To verify the integrity and accuracy of these assemblies, the completeness of the final genome assembly was assessed using Benchmarking Universal Single-Copy Orthologues (BUSCO)³⁸ with the lineage database Actinopterygii_odb10. From 3,640 single-copy orthologues, ∼97.5% were fully discovered in the monoploid genome, ∼97.3%, and ∼97.1% were fully found in the Haploid-1 and Haploid-2 genomes (Supplementary Table 4). In addition, the Illumina short reads used for the genome survey were mapped to the genome using BWA³⁹ and counted for mapping ratio determination using SAMtools⁴⁰. As a result, the mapping ratios of the three assemblies were 96.19%, 95.65% and 96.03%, and the genome coverages of the three assemblies were 99.84%, 99.86% and 99.84%, respectively (Supplementary Table 5). The consensus quality value (QV) of genomes representing per-base consensus accuracy was estimated by Merqury⁴¹, and that of all three assemblies exceeded 45 (Supplementary Table 4). In addition, a total of 28,808 nonredundant protein-coding genes were successfully produced by combining de novo, homologous searching and transcriptome-assisted predictions. A total of 22,531 genes were successfully functionally annotated (Fig. 2b & Table 5). The number of genes of T. ocellatus (27,015) predicted through de novo prediction and homolog annotation was slightly greater than that of other species of Takifugu, such as T. bimaclatus (21,117)⁴ and T. obscurus (22,105)⁶, but slightly lower than that of T. flavidus (29,416)⁵. Hence, the high integration efficiency, mapping ratio, recognition rate of single-copy orthologues and gene number showed that three assemblies of T. ocellatus were of high quality.

Table 5 Statistics of gene structure and functional annotation of the T. ocellatus genome.

Full size table

To verify the accuracy of the contig anchoring, three chromosome-level assembled genomes (monoploid genome and two haploid genomes) were first aligned and named after the chromosome number of the published T. rubripes genome. Then, the monoploid assembly was aligned to 3 other species in the genus Takifugu, including T. bimaculatus, T. flavidus and T. rubripes. Two haploid assemblies were aligned mutually with a unit of 1 Kbp. The 22 chromosomes we identified in the T. ocellatus genome aligned exactly against the chromosomes of the other three Takifugu species, which suggested a high degree of concordance among them (Fig. 1). The haplotypes also showed strongly reciprocal collinearity (Supplementary Fig. 3).

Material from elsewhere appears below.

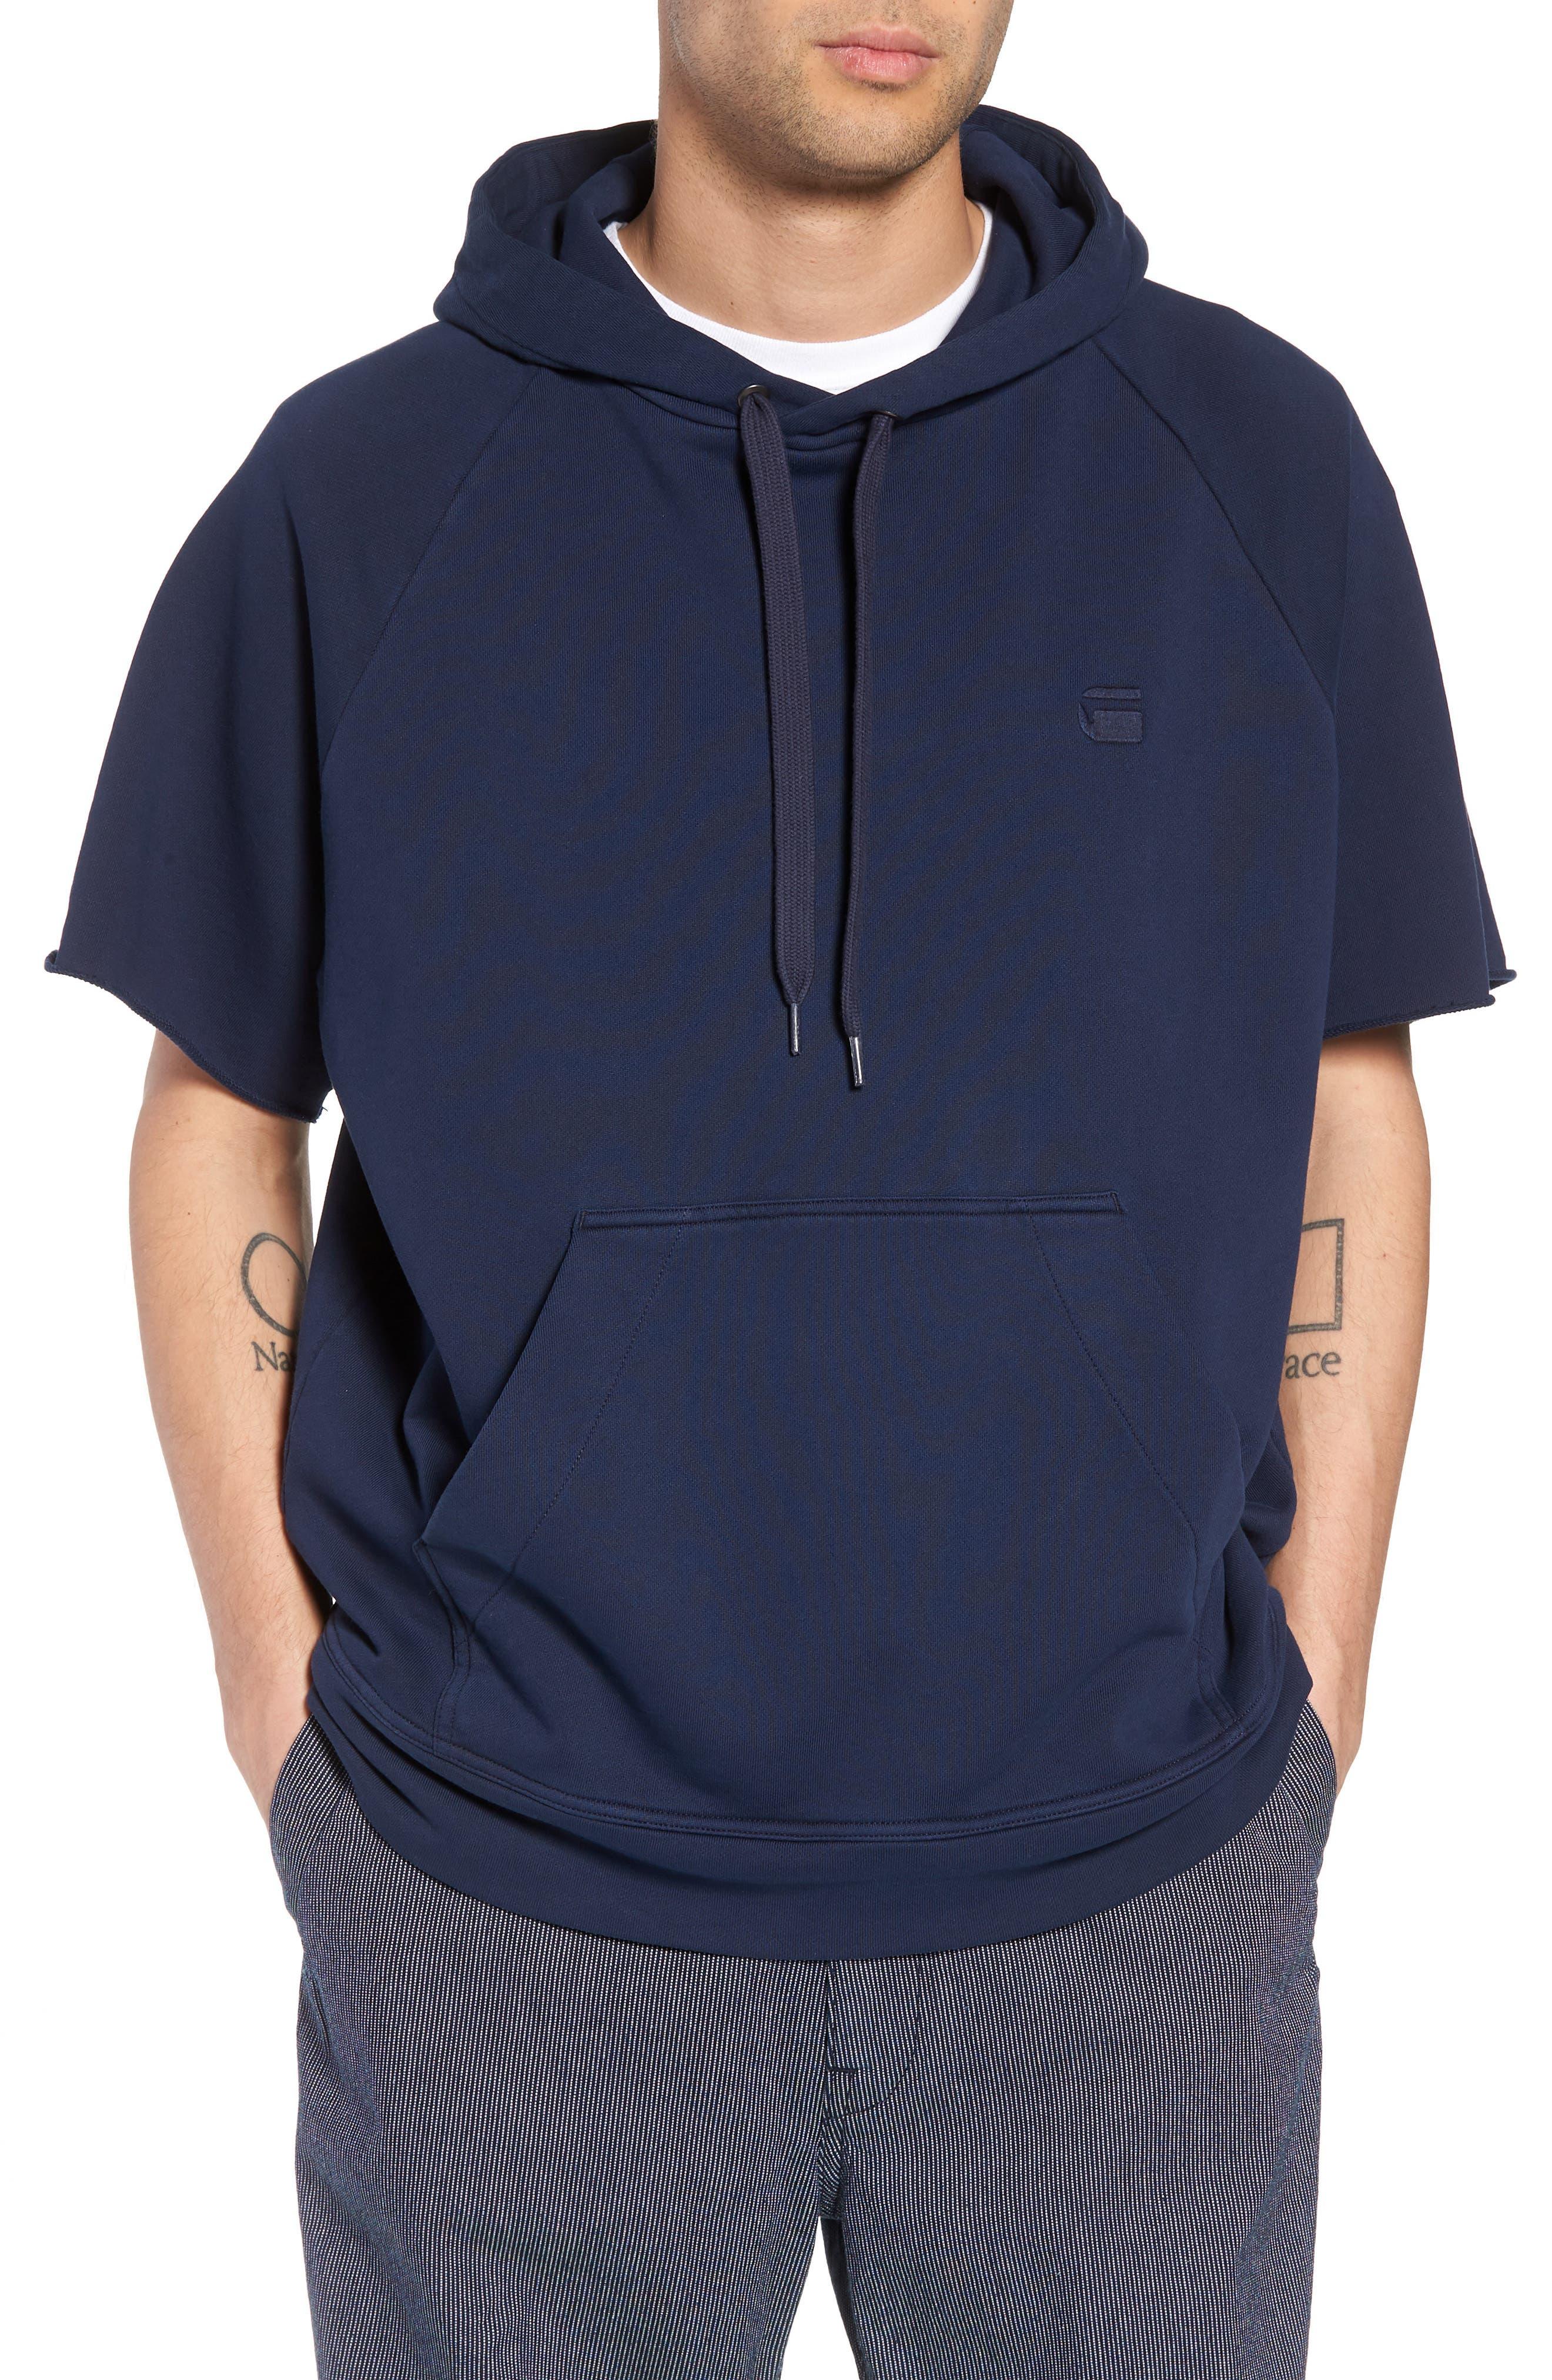 G-Star Raw Tendric Half-Sleeve Hoodie Sweatshirt
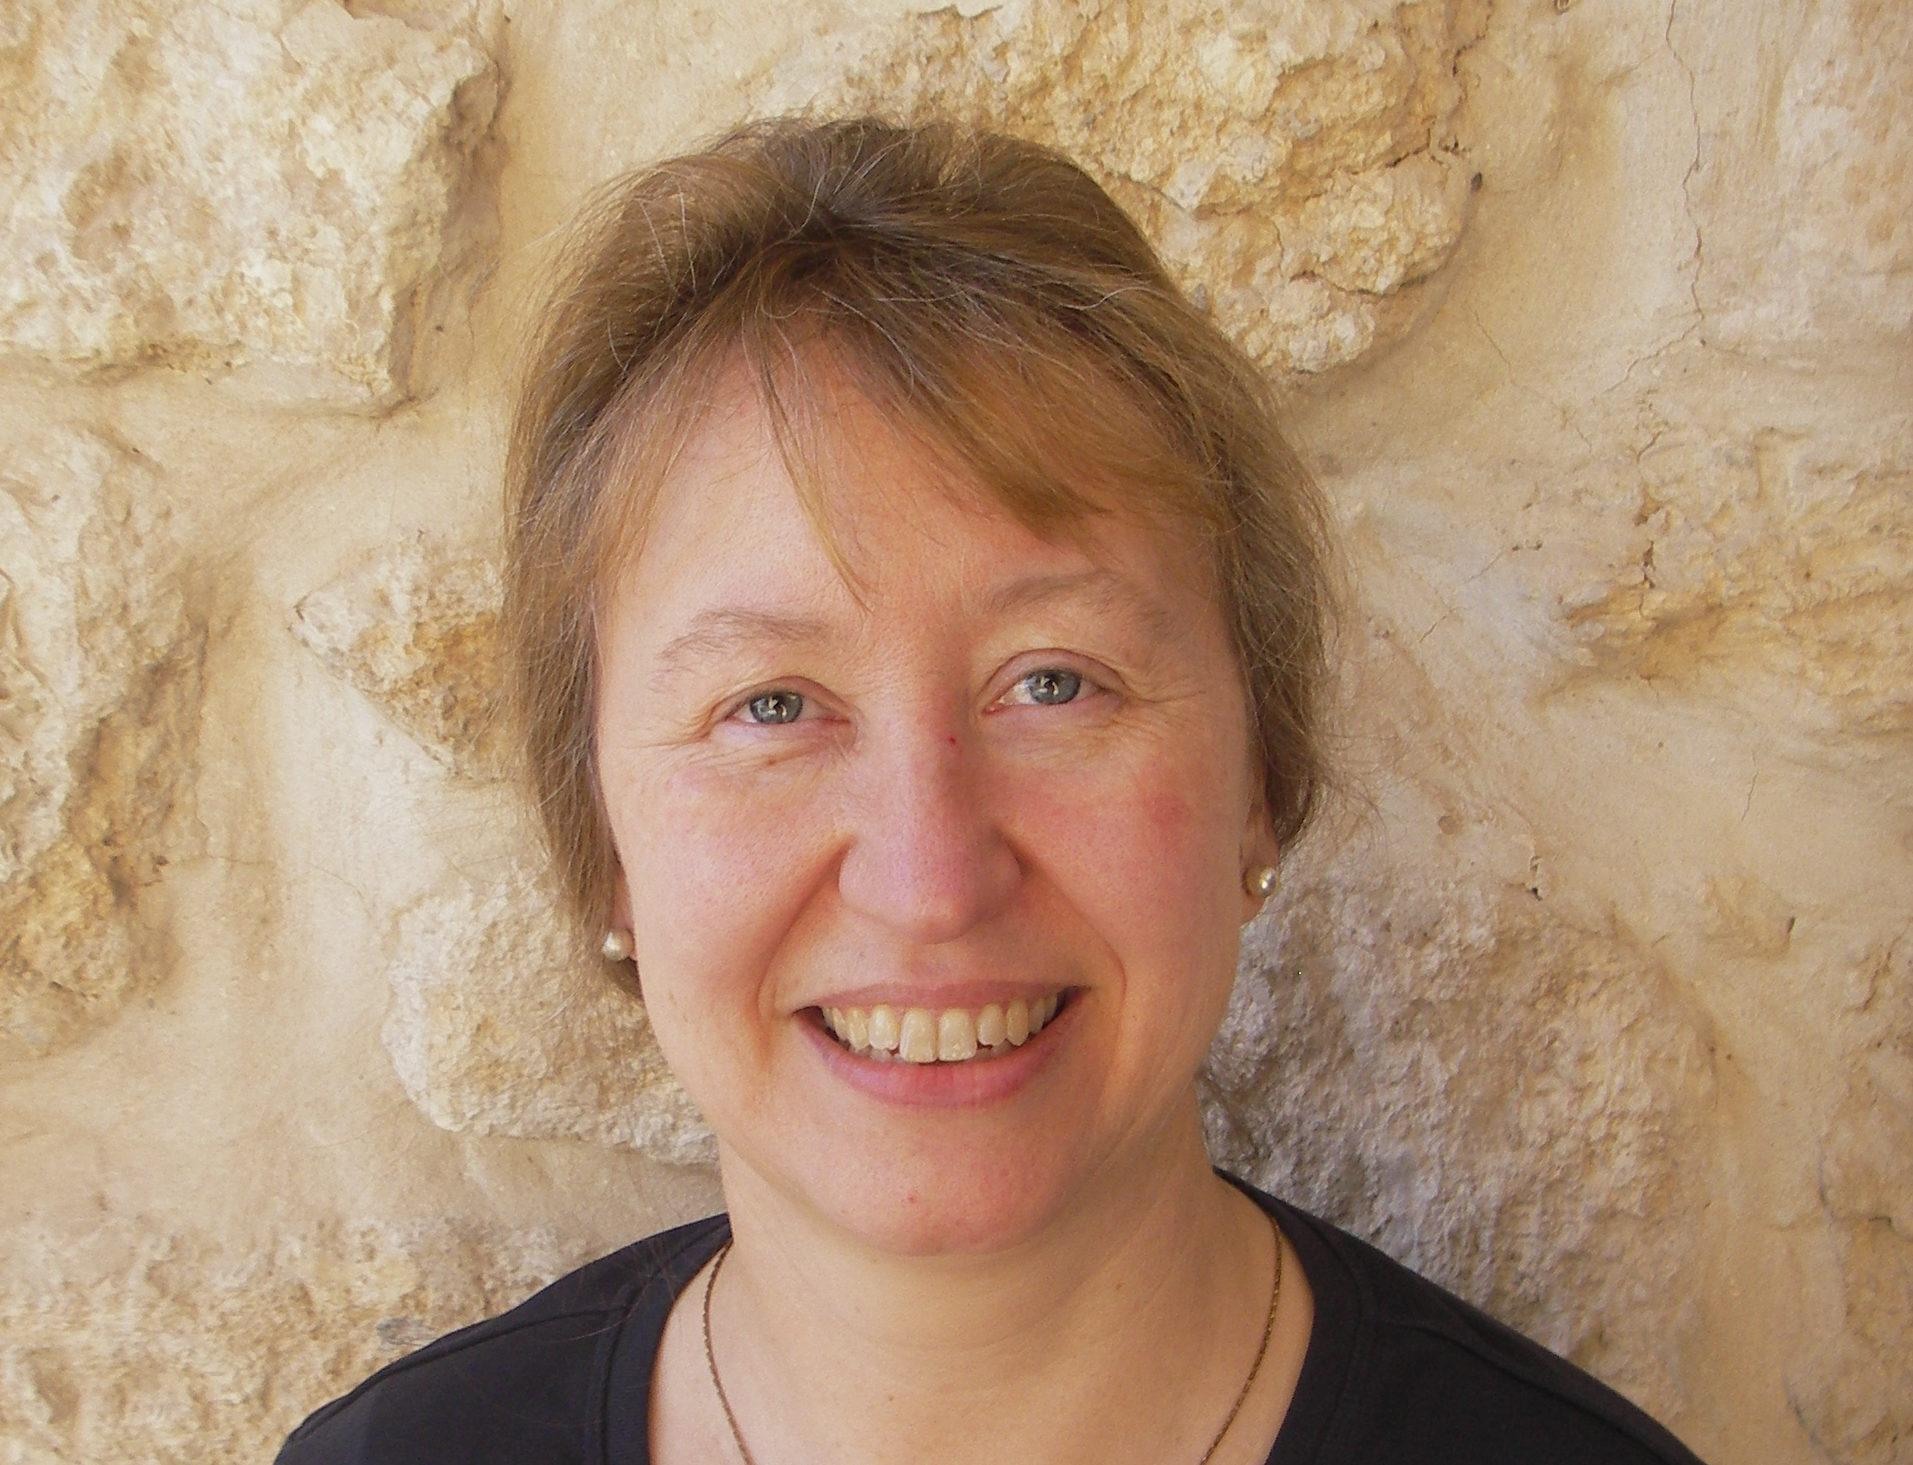 Portraitfoto von Rabbinerin Dr. Antje Deusel. ©Deusel.

Phylogenetic and evolutionary analysis

A total of 21,446 orthologous gene families were identified from the 13 related species (Supplementary Table 3). A total of 2,698 single-copy orthologous gene families in a 1:1:1 manner was identified and used for phylogenetic analysis (Supplementary Table 3). Phylogenetic analysis indicated that T. ocellatus speciated from the common ancestor of Takifugu at approximately 21.4 (mya; 15.3–27.6 mya) (Fig. 3), which was located at the base of the phylogenetic tree of the Takifugu genus, which was consistent with the previous phylogenetic relationship of the Takifugu genus based on mitochondrial and whole-genome resequencing⁸. In addition, our results showed that the divergence time between the Takifugu genus and the other freshwater Tetraodontidae species was 38.4 mya (27.9–51.0 mya). In addition, the phylogenetic relationship between Tetraodontiformes and other fish was also consistent with previous taxonomic studies^4,5. Moreover, we uncovered 789 T. ocellatus gene families with expansion and 1,970 families with contraction (Fig. 3). GO enrichment analysis showed that the expanded gene families were mainly involved in the extracellular region (GO:0005576), lipid transport (GO:0006869), single-organism transport (GO:0044765) and growth factor activity (GO:0008083) (Supplementary Fig. 4 and Supplementary Table 6). On the other hand, the contracted gene families were mainly involved in xenobiotic transporter activity (GO:0042910), transmembrane transport (GO:0022857), secondary active transmembrane transporter activity (GO:0015291), and hydrolase activity (GO:0016787) (Supplementary Fig. 4 & Supplementary Table 7).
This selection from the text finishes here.